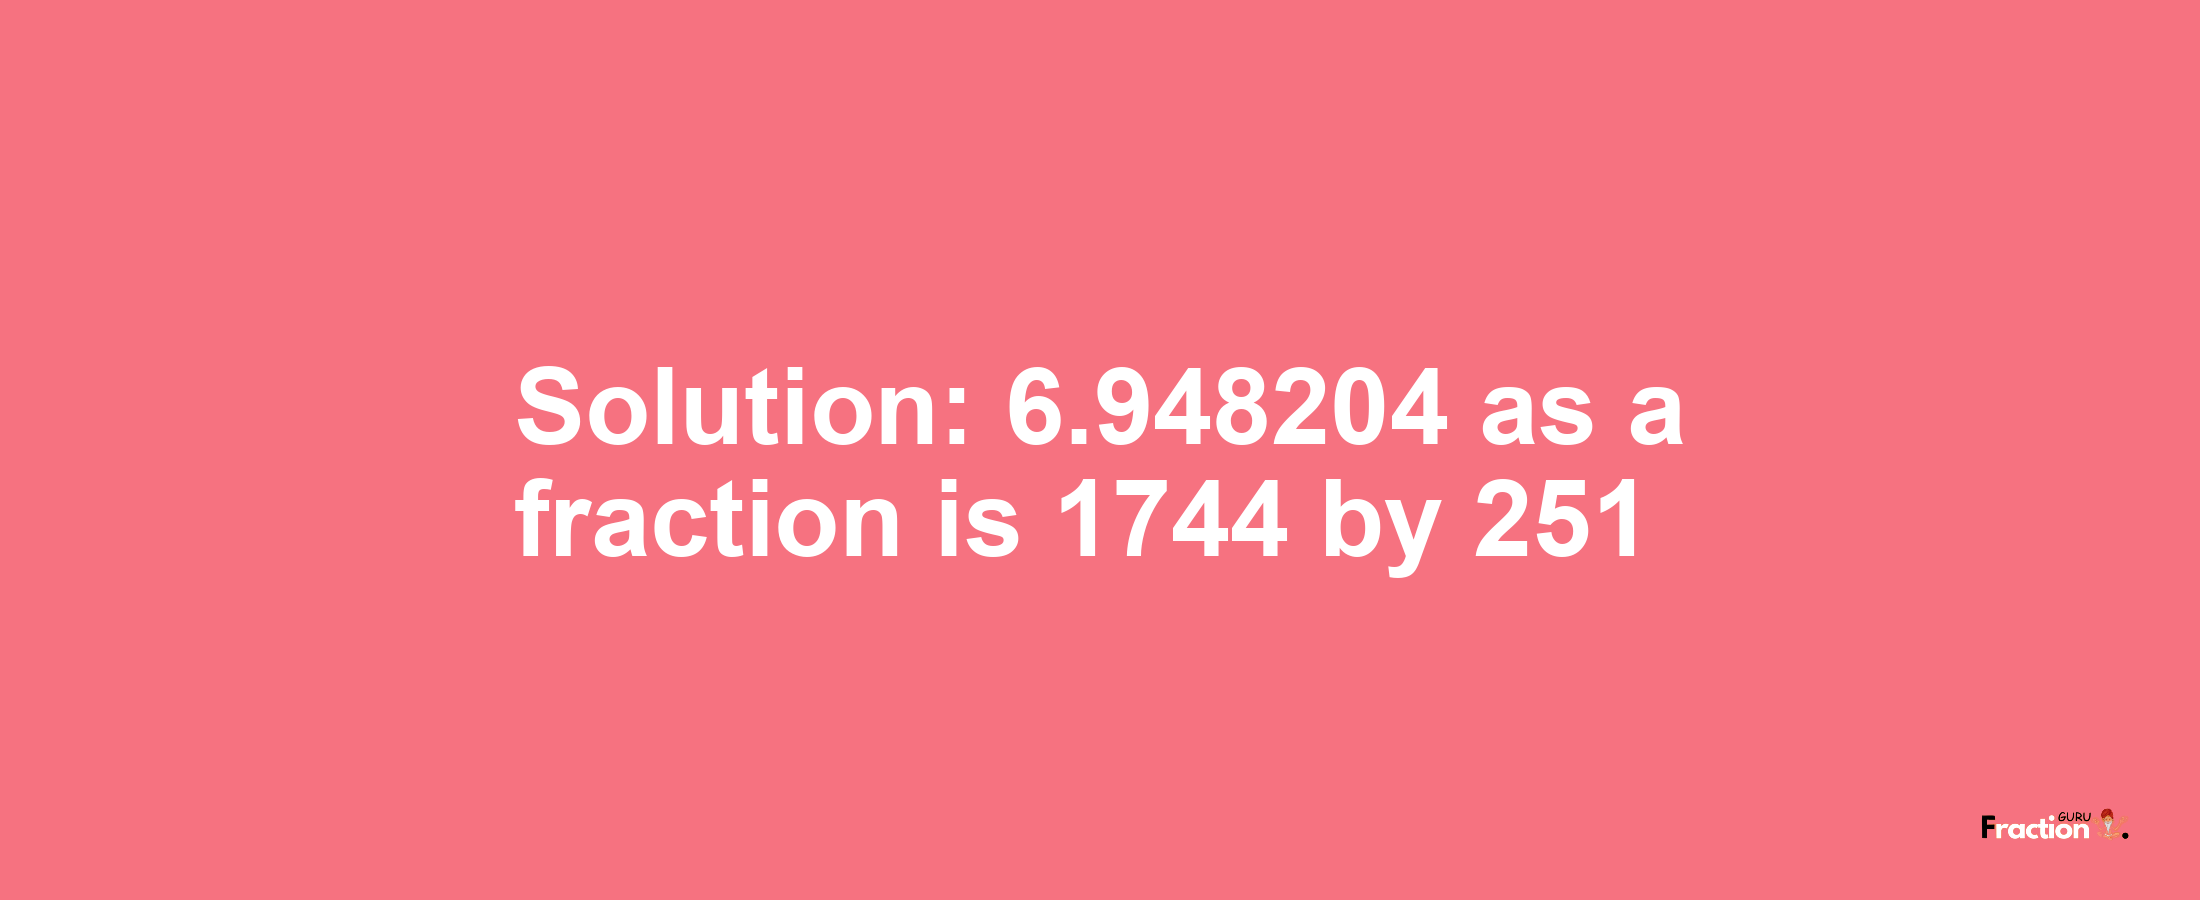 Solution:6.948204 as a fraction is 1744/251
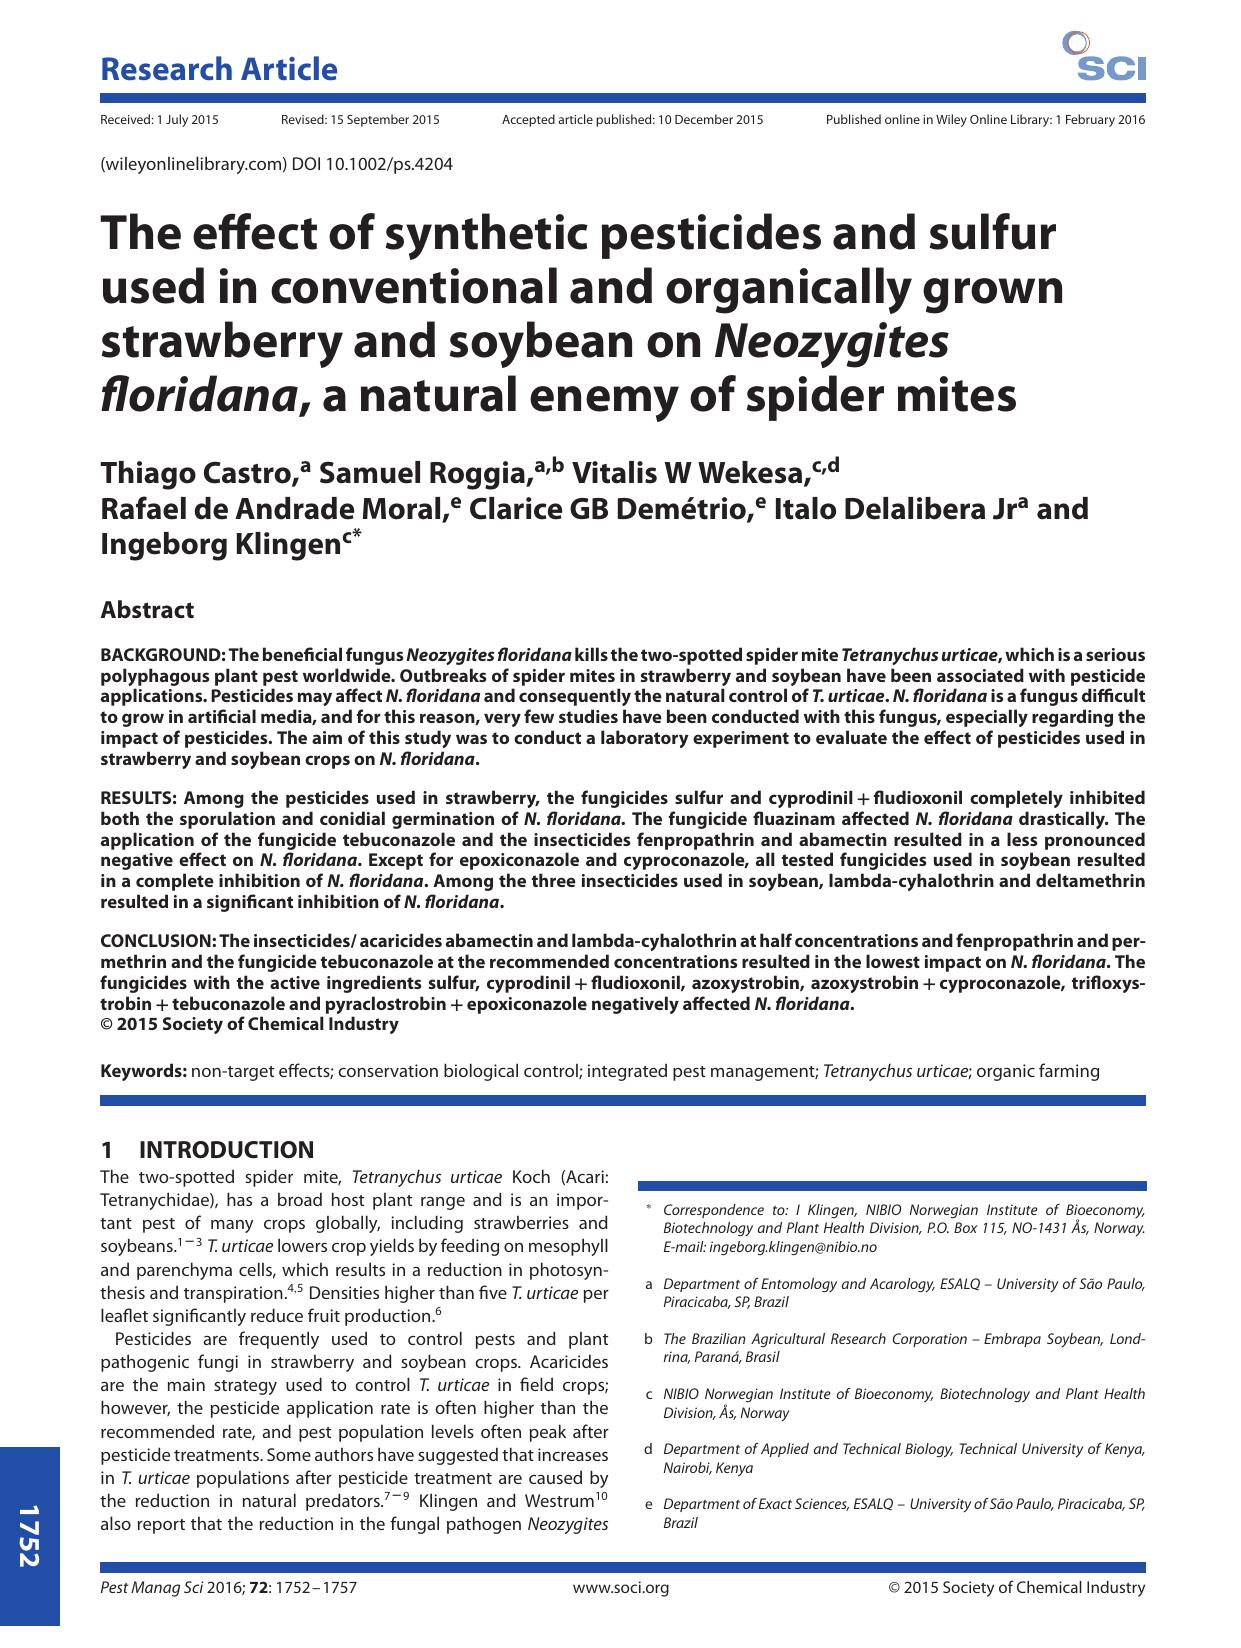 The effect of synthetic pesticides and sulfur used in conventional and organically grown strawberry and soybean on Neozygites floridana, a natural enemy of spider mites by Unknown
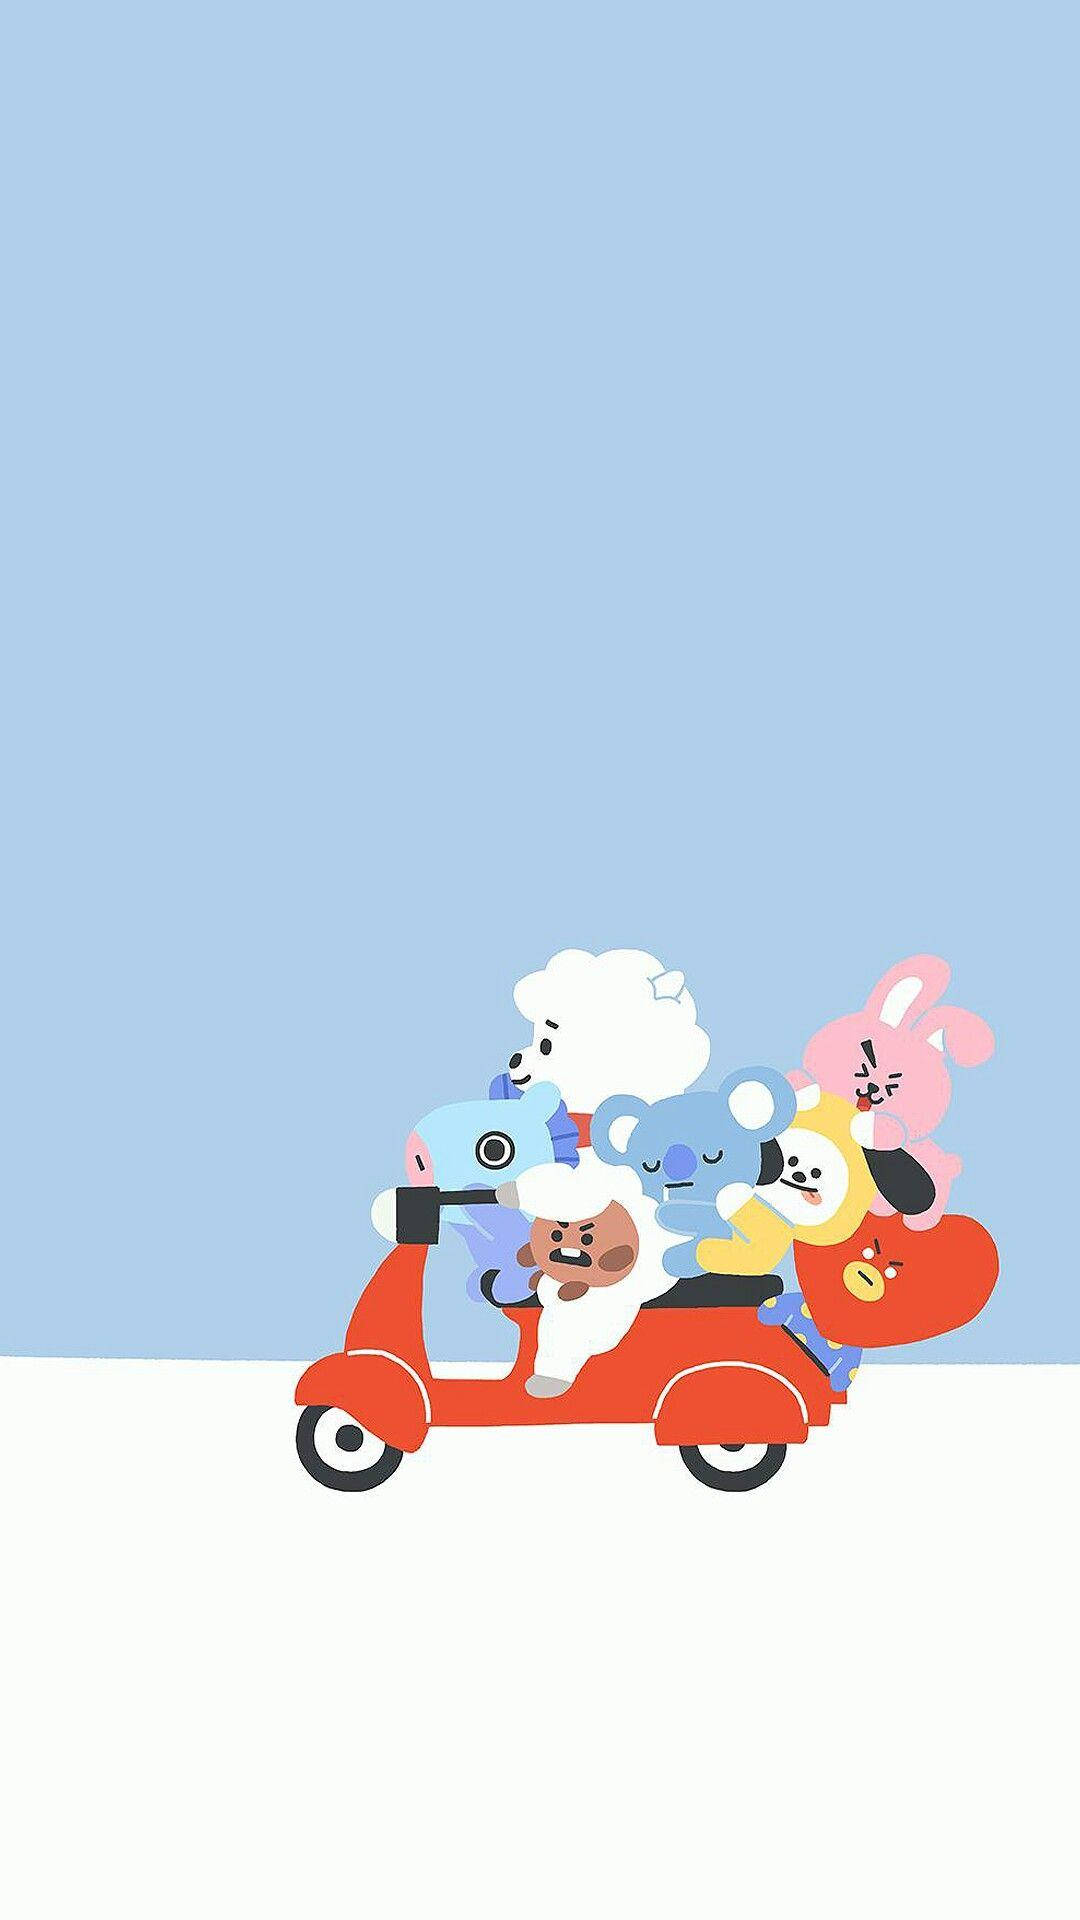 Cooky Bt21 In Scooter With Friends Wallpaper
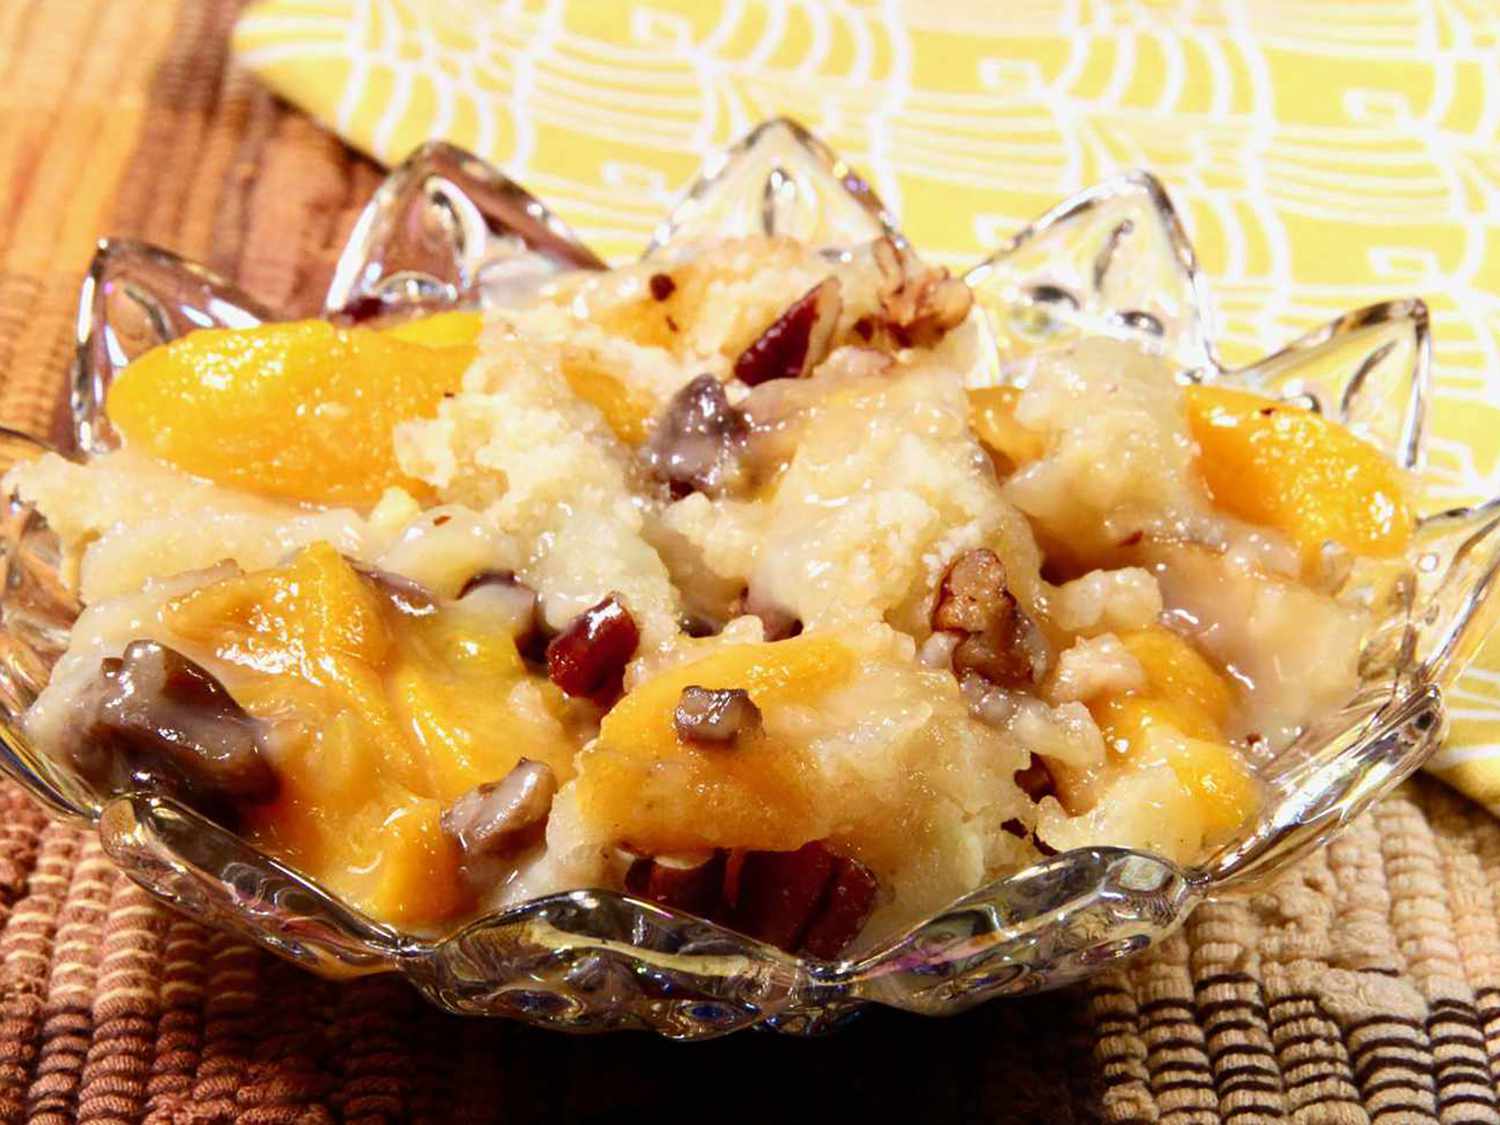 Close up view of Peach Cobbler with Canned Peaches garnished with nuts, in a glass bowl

### Description of the task
Find the line containing "The effect of" in the listing above. Restate it and every line after it, word for word, through the final line, leaving out the pictures.

### Expected answer
 The effect of synthetic pesticides and sulfur used in conventional and organically grown strawberry and soybean on Neozygites floridana, a natural enemy of spider mites by Unknown
 Cooky Bt21 In Scooter With Friends Wallpaper
 Close up view of Peach Cobbler with Canned Peaches garnished with nuts, in a glass bowl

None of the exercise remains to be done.